Une vingtaine de kilomètres plus tard, aux alentours de Cilaos, Diego Pazos a réussi à rejoindre le top 10. Il n’est plus qu’à quinze minutes du troisième. Mais en haut du col du Maïdo, son corps le lâche: «Je titubais, j’avançais sur courant alternatif.» Encore 50 km à parcourir. Le début d’un long chemin de croix jusqu’à l’arrivée.

Merci, mais non merci

Samedi, vers 3h du matin, il en termine. En 28 heures et 58 minutes, Diego Pazos a quand même terminé 18e. Ou 19e. Il ne sait pas exactement, il n’a pas vérifié, il s’en fiche. «Je suis évidemment déçu. Ce n’est qu’une course, mais ce n’est pas facile à vivre.» En colère contre l’organisation? «Je ne sais pas… Au Montreux Trail [dont il est l’un des organisateurs, ndlr], nous avions aussi été victimes de petits malins qui avaient changé le balisage, ça peut arriver.»
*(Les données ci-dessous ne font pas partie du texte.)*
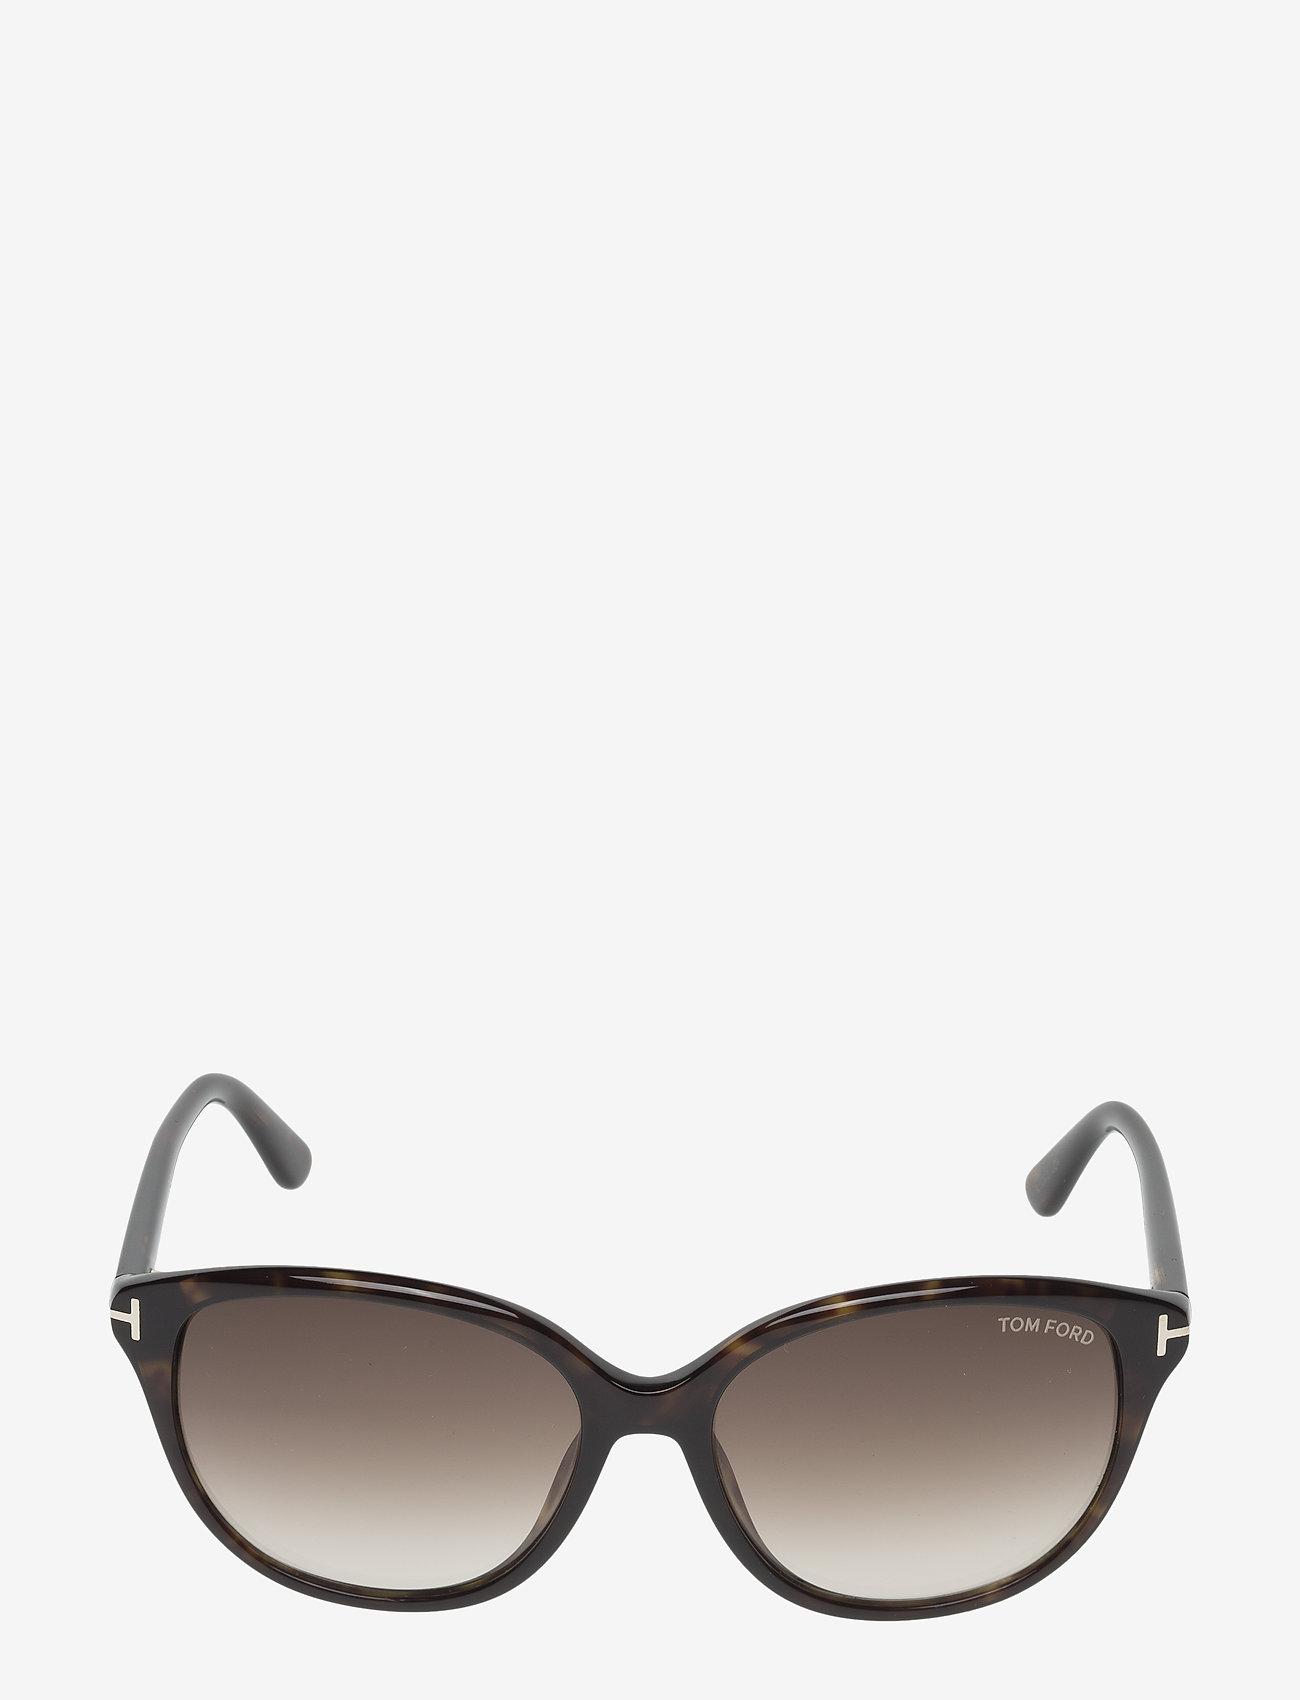 Tom Ford Sunglasses - Tom Ford KARMEN - d formas - 52f -dark havana / gradient brown - 1

Dimanche soir, ni lui ni les autres coureurs n’avaient encore eu droit à une vraie explication. C’est ce qui semble davantage agacer Diego Pazos que l’incident lui-même. Mauvais balisage, débalisage, balisage malveillant… «Ils ont changé de version plusieurs fois.»

Le patron de la course a en tout cas d’ores et déjà officiellement proposé de réinviter et de défrayer les malheureux, pour la prochaine édition, en 2020. A priori, Diego Pazos n’en sera pas. De l’amertume? «J’ai d’autres objectifs en tête.»